Shelburne Farms in Shelburne, VT is looking to rent a dairy goat buck to breed one of our full sized does. We would love to start breeding as soon as possible.  Please email or call Cat if you have any suggestions or questions for me!  802.985.0344 or cwright@shelburnefarms.org   Thank you!! -Cat*


----------



## Latestarter (Jan 5, 2017)

Greetings and welcome to BYH Cat. I'm in TX so can't help you out, but hope you can find what you're looking for. Good luck!


----------



## TAH (Jan 5, 2017)

I think @purplequeenvt is in VT. I am not sure where but she may be able to help.


----------



## NH homesteader (Jan 5, 2017)

Yeah I'm in NH but I don't know any full size dairy goat people.  Everyone I know has Nigie or pygmy bucks.


----------



## Bruce (Jan 5, 2017)

@purplequeenvt has sheep, I don't recall seeing any goats.
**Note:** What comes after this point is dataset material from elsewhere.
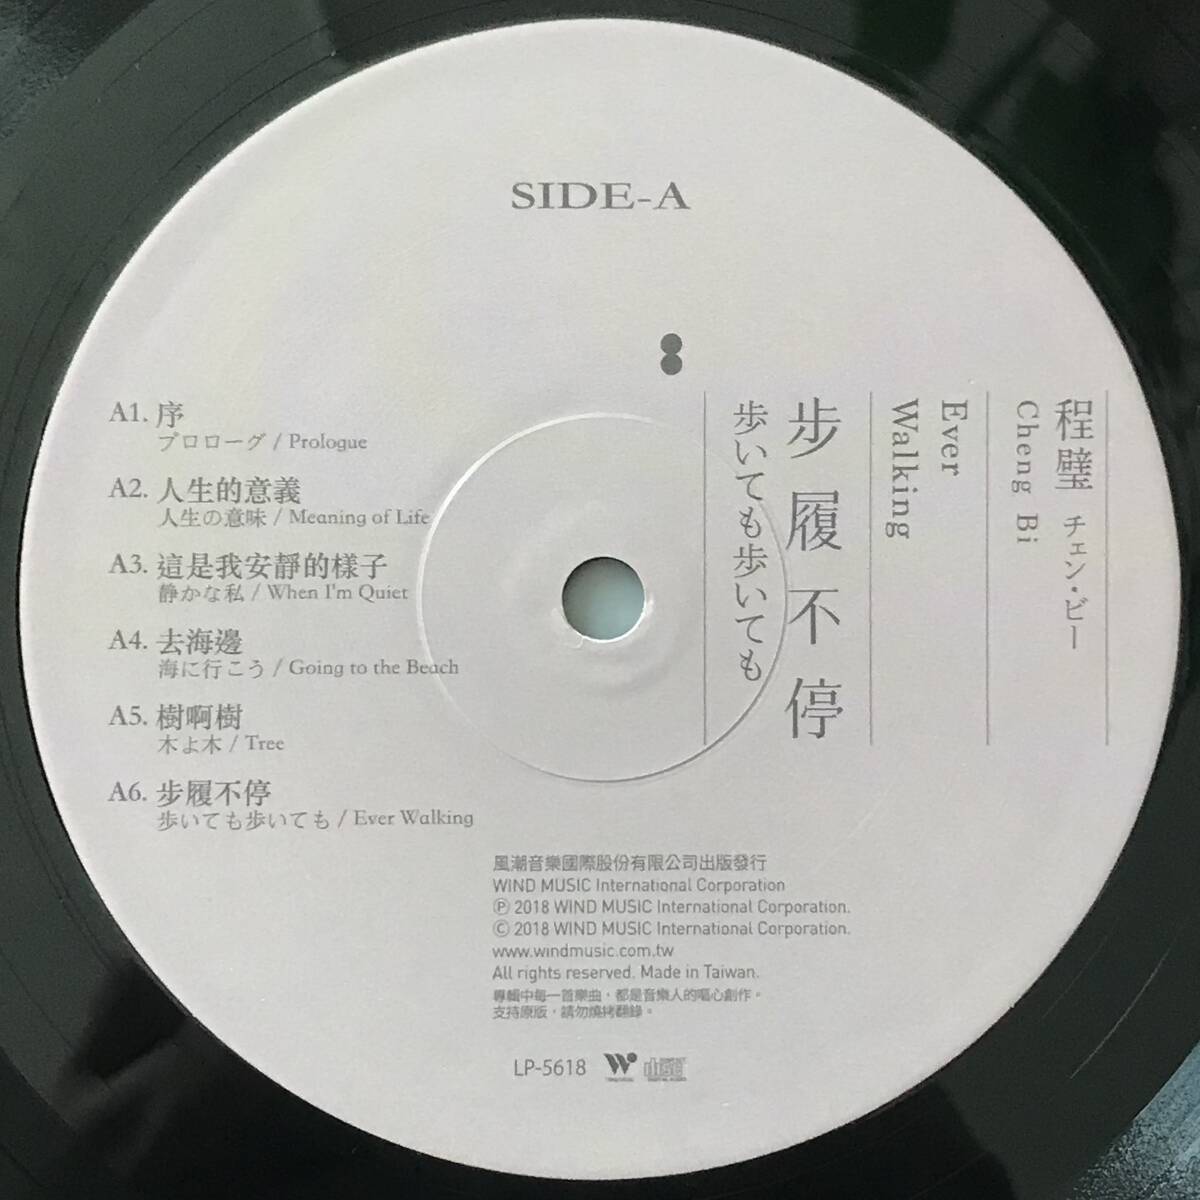 [ mega rare ]Cheng BI / Ever Walking(LP) degree ... un- .. mono peace mono peace thing Suzuki . one . City pop la tubifex low citypop lightmellow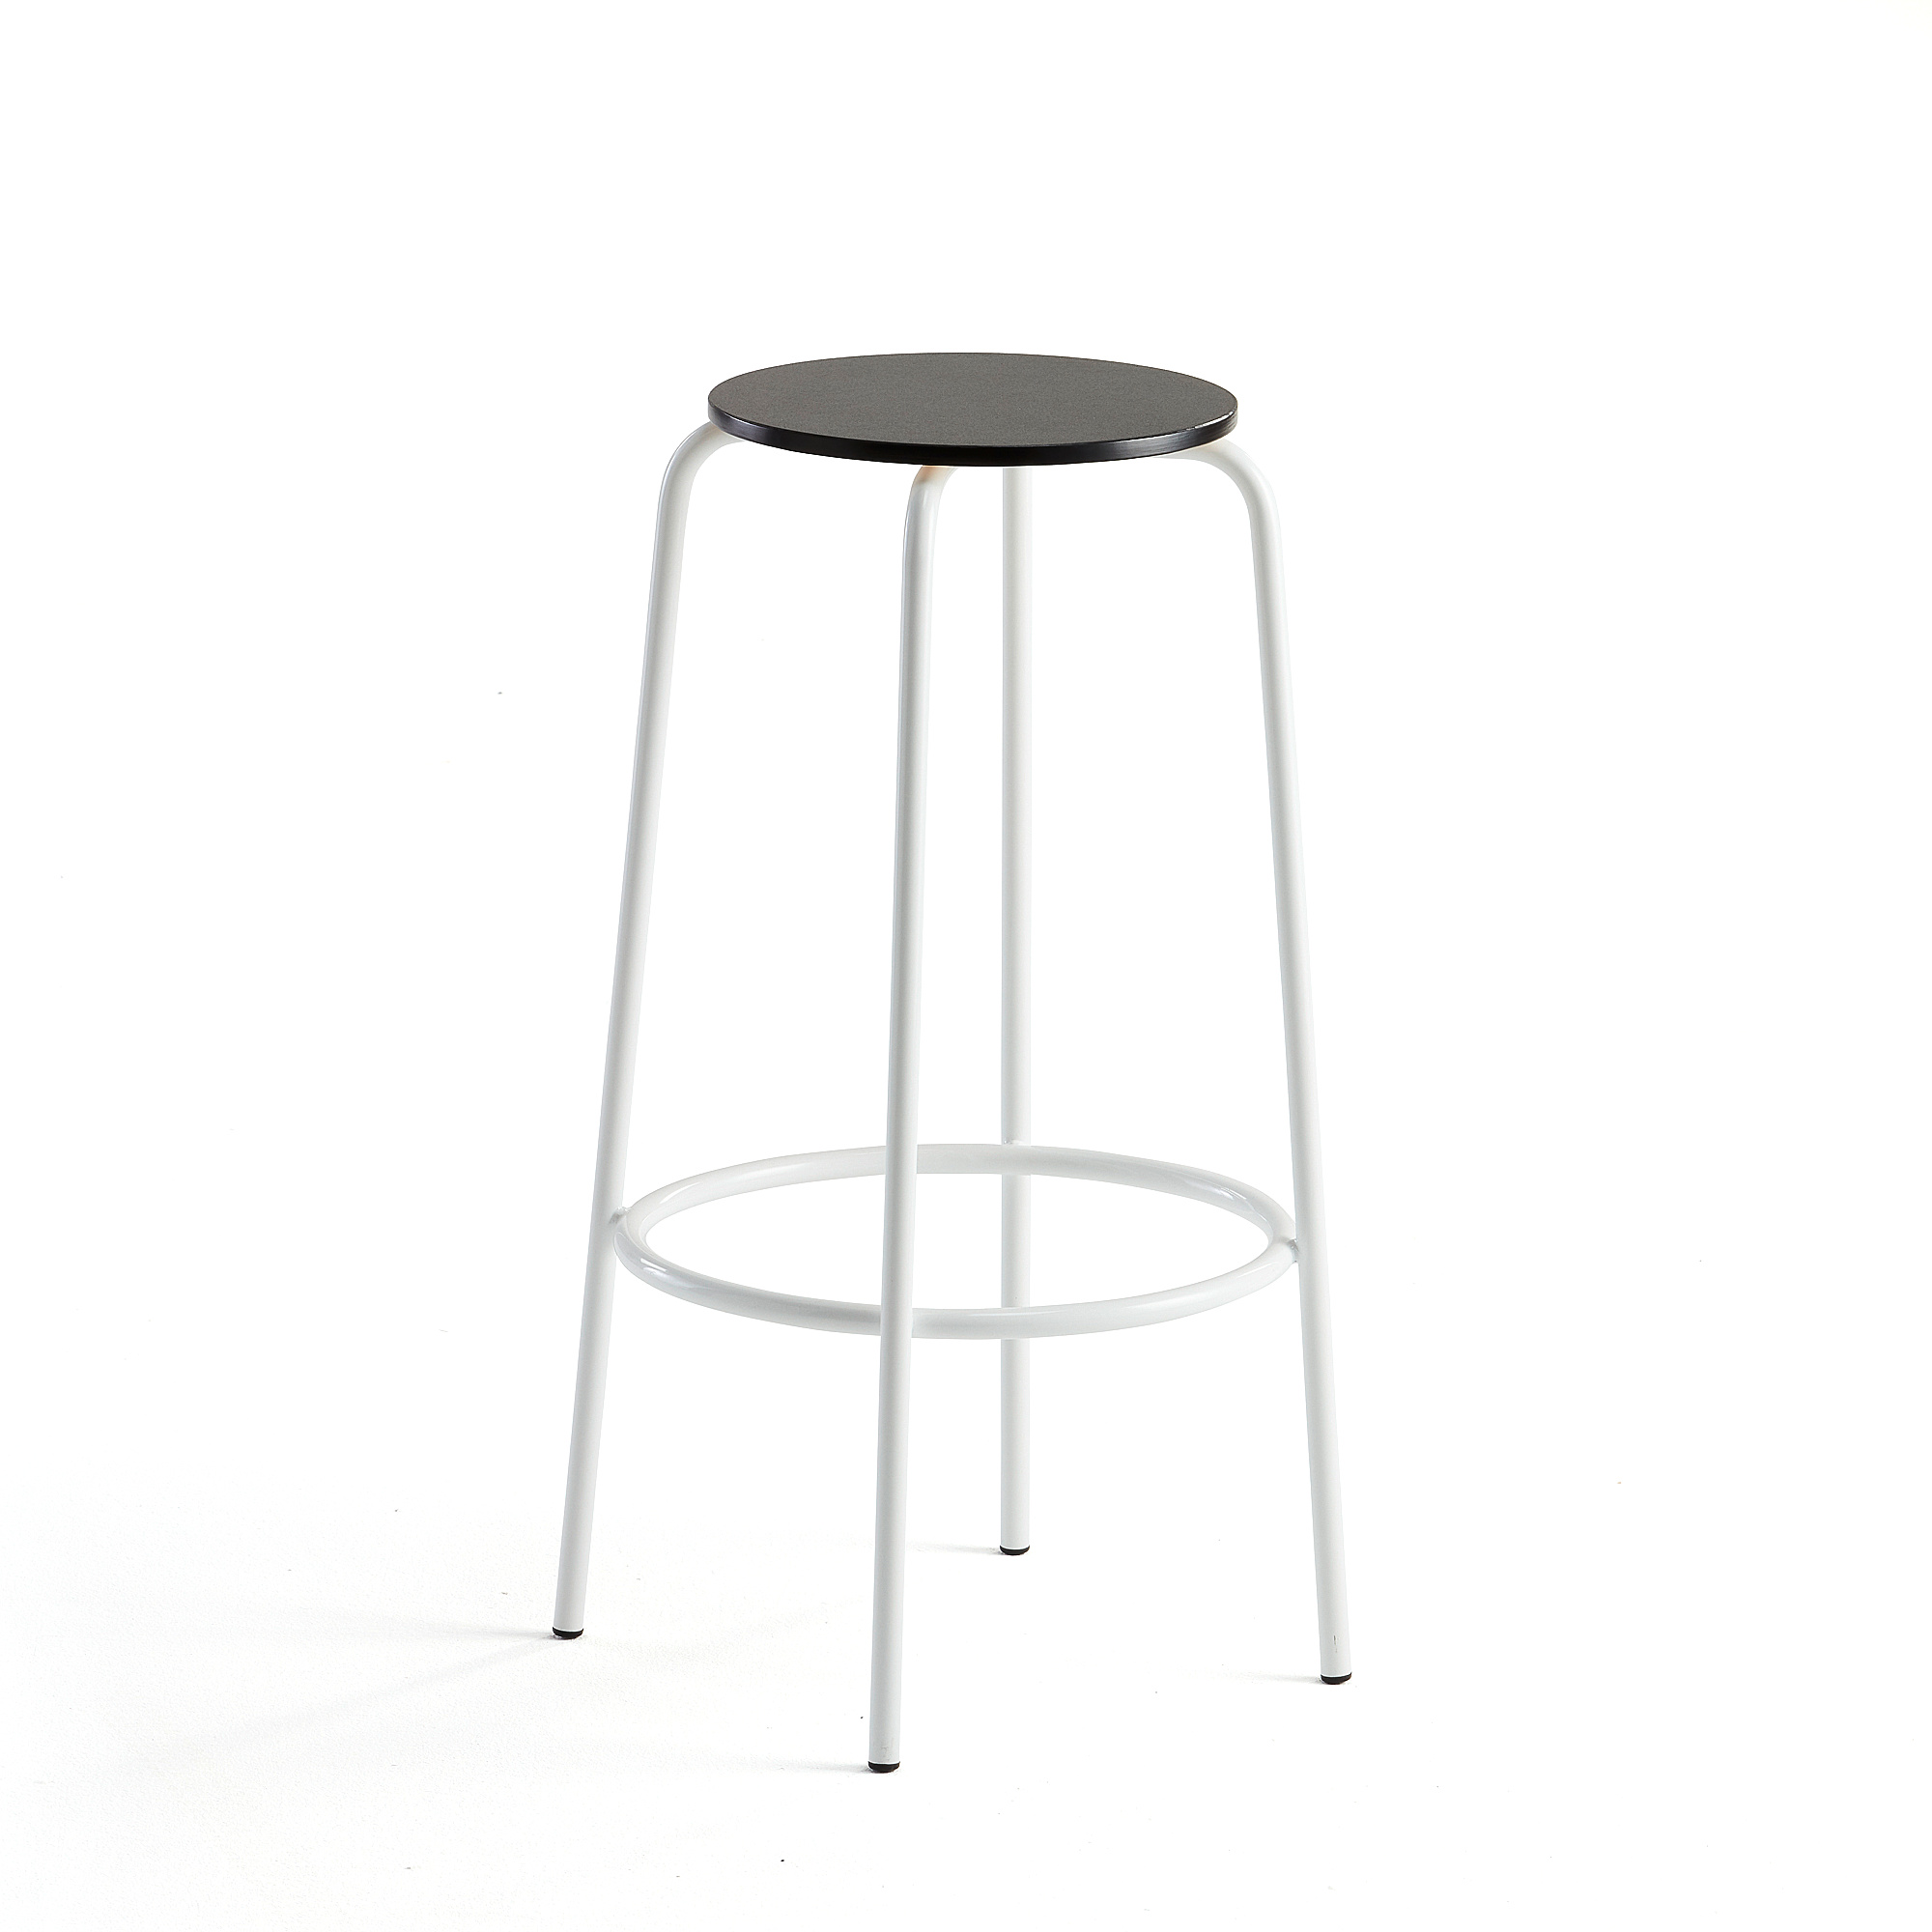 E-shop Barová stolička TIMMY, biely rám, čierny sedák, V 730 mm

There are a number of people in Vermont making goat cheese but I have no idea what breeds they are using. Perhaps contacting the Vermont Farm Bureau would be helpful. I know some have been profiled in Vermont Fences (VFB magazine).


----------



## TAH (Jan 5, 2017)

Bruce said:


> @purplequeenvt has sheep, I don't recall seeing any goats.[/QUOTE/]
> Shows goats on her website.


----------



## NH homesteader (Jan 5, 2017)

I usually just use Google...  But the farm Bureau would also help!


----------



## Bruce (Jan 5, 2017)

TAH said:


> Shows goats on her website.


Hmm, true enough! Maybe we didn't look in that shed.


----------



## purplequeenvt (Jan 6, 2017)

We don't have goats at the moment. I sent her an email with contact info for someone that might be able to help. 

The website hasn't been updated in a while.  Never enough time to do everything.


----------